Why the presidential candidates won't talk about Israel
Israel, celebrating its 60th birthday last week, has proved to be an expensive ally for the United States.
Since its birth, Israel has received at least $114 billion from the US in direct foreign economic and military aid, says Shirl McArthur, a retired US diplomat who periodically updates his Israel cost estimates for the Washington Report on Middle East Affairs (WREMA), a magazine often critical of US policy toward Israel.
That estimate, Mr. McArthur notes, is conservative. For instance, he has not factored inflation into that $114 billion cumulative sum. The late Washington economist Thomas Stauffer did that calculation several years ago. He found total official aid to Israel, up to 2002, came to $247 billion. He added other costs of US support of Israel (interest on debt, higher oil prices, etc.) to reach a highly controversial total of $1.6 trillion.
For comparison, the cost to the US of the Iraq war is running about $144 billion a year.
In March, a Memorandum of Understanding from the White House to Congress urged an additional $30 billion in military aid to Israel, a sum spread at about $3 billion a year through fiscal year 2018. Currently, Israel ranks as the top recipient of American foreign aid ($2.4 billion in 2007 by an official calculation) if reconstruction money for Iraq is excluded. Next are Egypt ($1.8 billion) and Afghanistan ($1 billion).
Up to now, the presidential candidates have largely ducked the question of what they would do to further peace between Israelis and the Palestinians.
"It's quite remarkable it has not been raised," says Stephen Walt, coauthor of "The Israel Lobby and U.S. Foreign Policy," a controversial book published last year. "They have gotten a free pass on details for a peace process."
The Harvard University political science professor further criticizes the press for not questioning the candidates about what they would do to push forward a two-state solution to the decades-old struggle with its sizable cost to American taxpayers. Presumably a lever the US has in the dispute is to withhold the aid it gives to Israel and the far smaller amount ($73.5 million requested for fiscal 2008) given to the Palestinians.
"The presidential candidates make it a point never to talk about Middle East foreign aid," says McArthur.
Why the silence?
"Fear," says Paul Findley, a frequent critic of US foreign policy to Israel. He blames the Israeli lobby for contributing to his defeat in 1982 when running for reelection as a Republican congressional representative from Illinois.
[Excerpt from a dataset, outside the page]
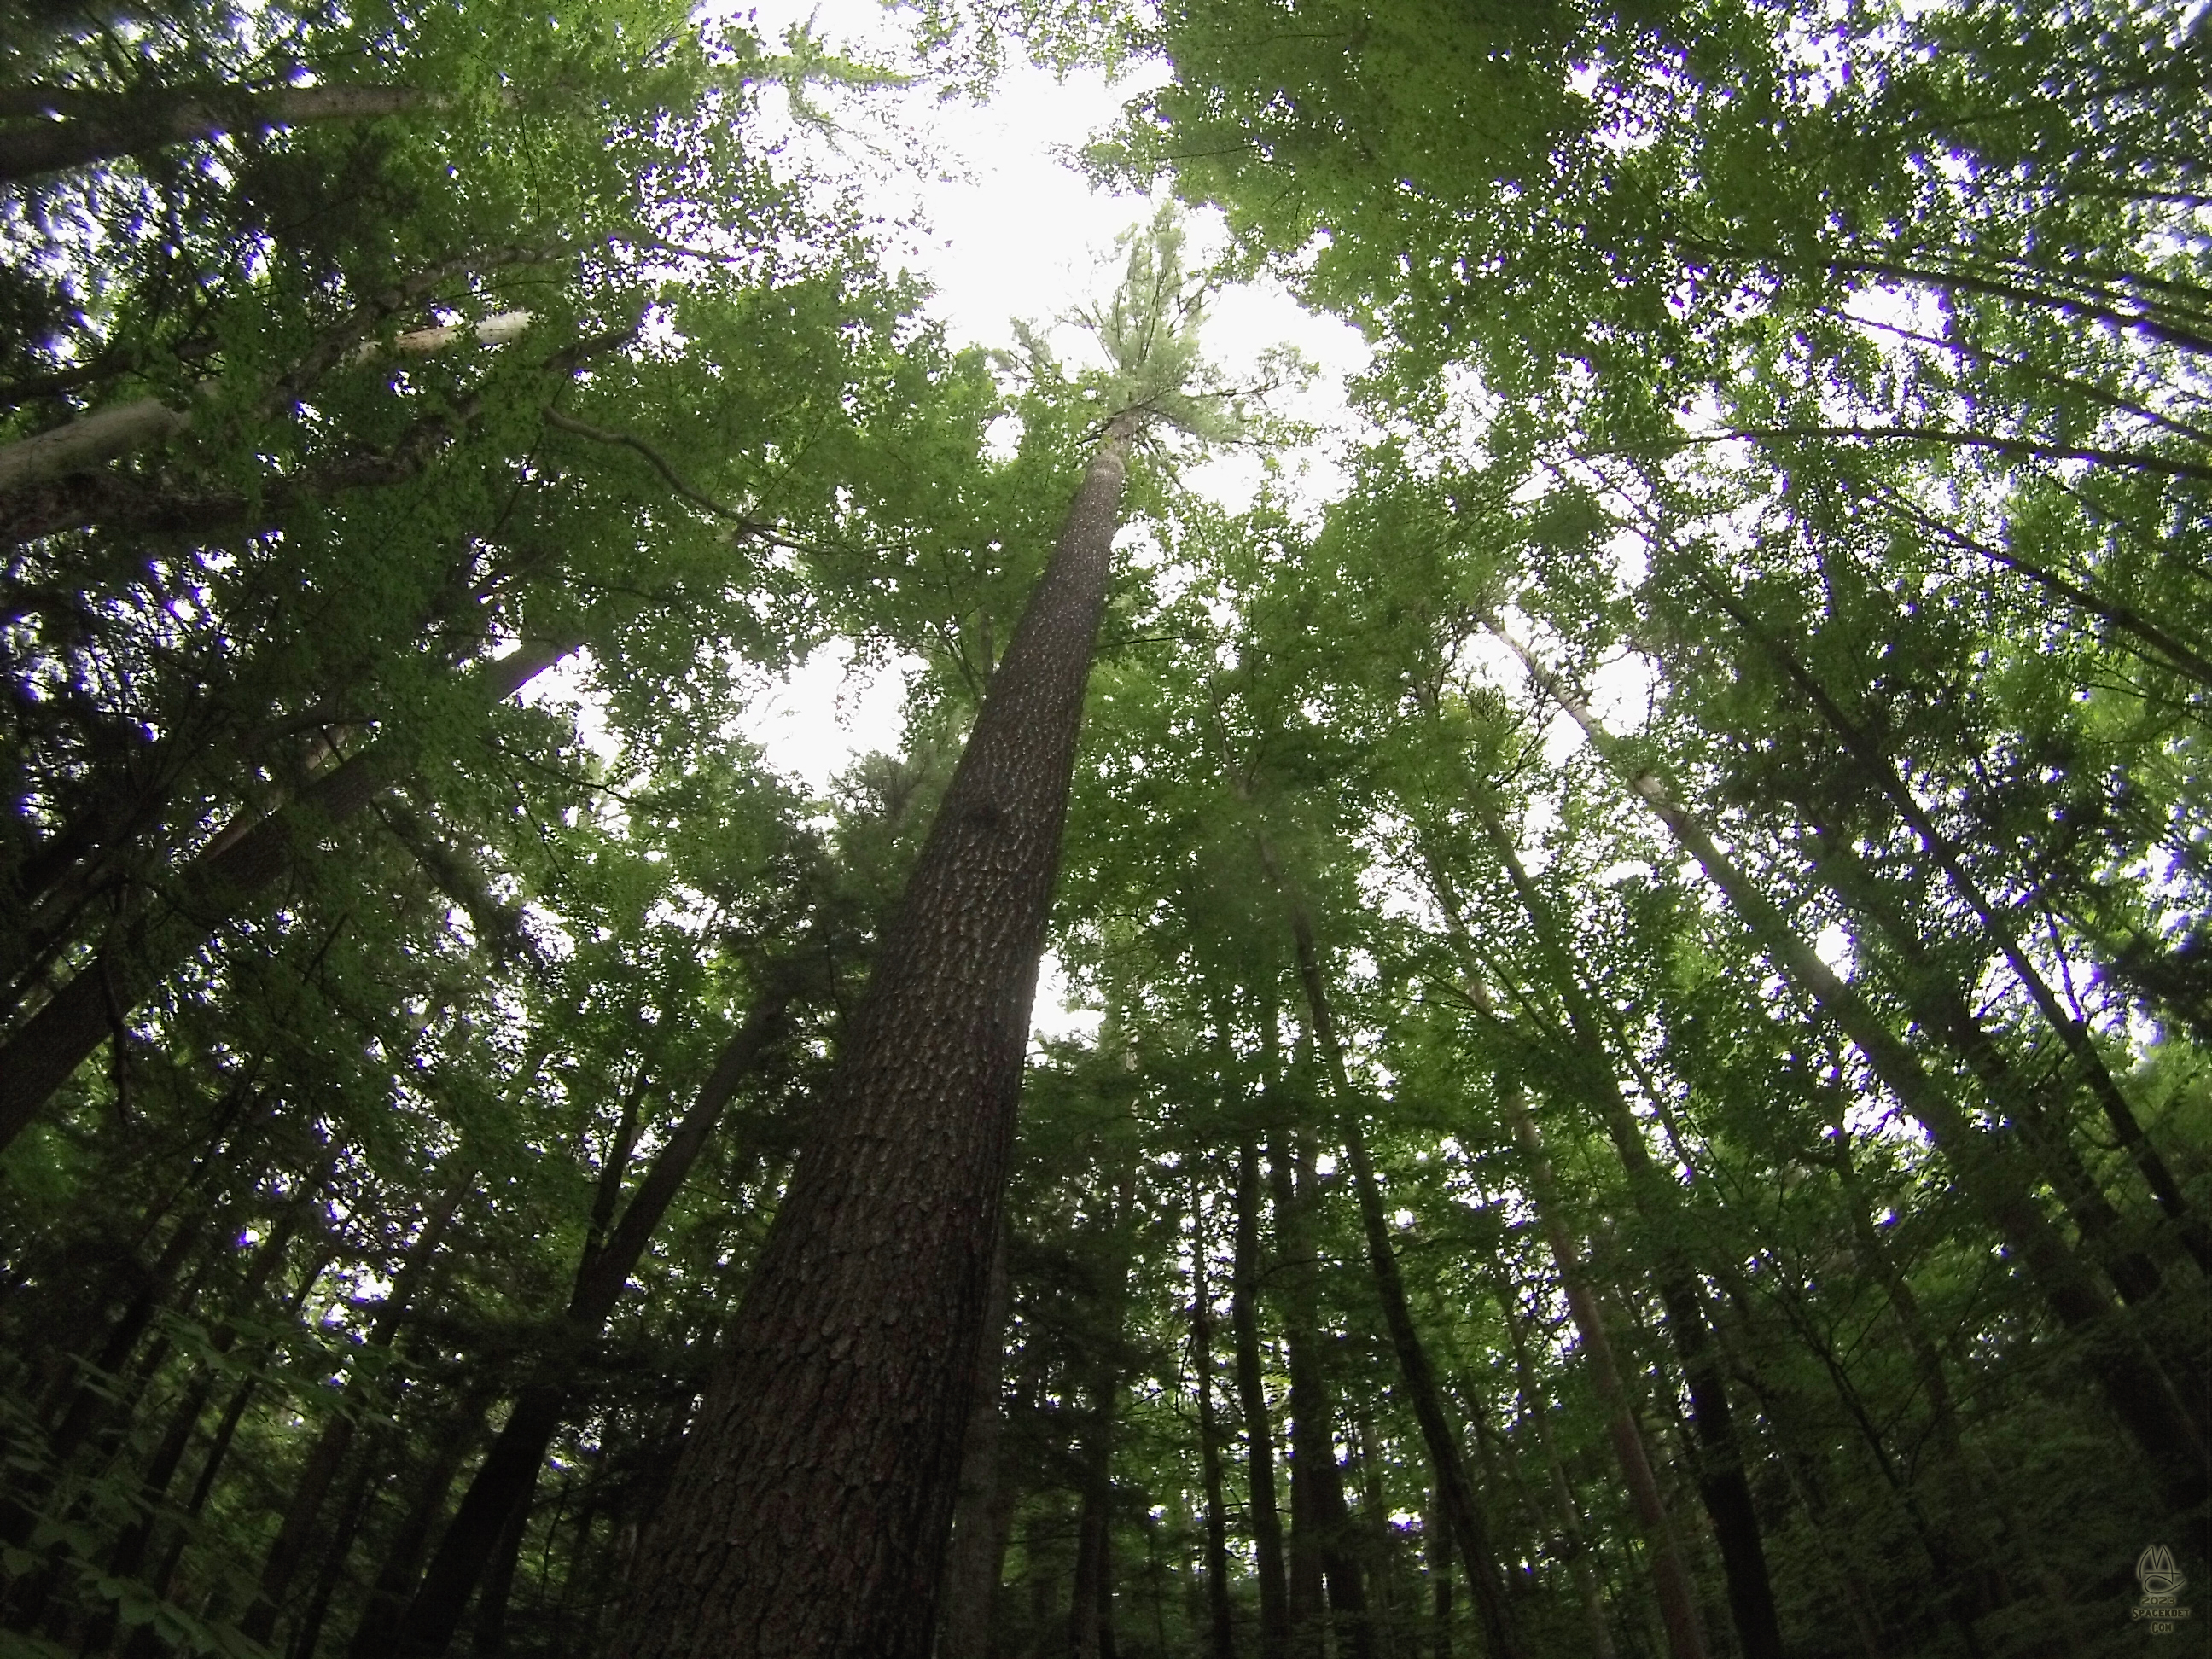 Back in the Cathedral. Hartwick Pines State Park. GoPro photo from 2014.

None of the three remaining presidential candidates have uttered "even a syllable" of complaint about US policy toward Israel, rather a "paean of praise," Mr. Findley says. "This is a phenomenon without precedent in American history."
To Findley, the "most powerful instrument of intimidation" used by pro-Israel groups is the charge of "anti-Semitism." The meaning of that term has been expanded. It used to be applied to those hostile to a race or faith, that is, against Jews or Judaism. Now it's often applied to critics of Israel or US-Israel policy, says Findley.
Considering the horrific history of the holocaust, politicians "run like rabbits" to avoid the charge of anti-Semitism, Findley adds.
Another fear of politicians involves the campaign contributions of pro-Israel political action committees (PACs). Last week WREMA reported that more than 20 of these PACs have contributed $1.1 million to Washington politicians in the 2007-08 election cycle. That amount is dwarfed by what the three presidential candidates have raised for their campaigns.
Since Israel now has a relatively prosperous per capita national income comparable to Cyprus or Slovenia, direct US economic aid to Israel has been replaced gradually by military aid. Since money is fungible, that would make little real economic difference to Israel as its government pays its high military bills. In fact, Congress allows Israel to use 26 percent of the aid it receives to buy arms outside the US, thereby helping build up its own weapons industry. "We are thus shooting ourselves [the US weapons industry] in the foot," charges Janet McMahon, managing editor of WREMA.
Professor Walt maintains he's pro-Israel. The US refusal to put pressure on Israel to settle with the Palestinians on a two-state solution, he argues, is not helpful.
"Giving any country unconditional backing encourages irresponsible behavior," he says. It could lead to an apartheid state, or as Israeli Prime Minister Ehud Olmert put it, Israel facing "a South African-style struggle."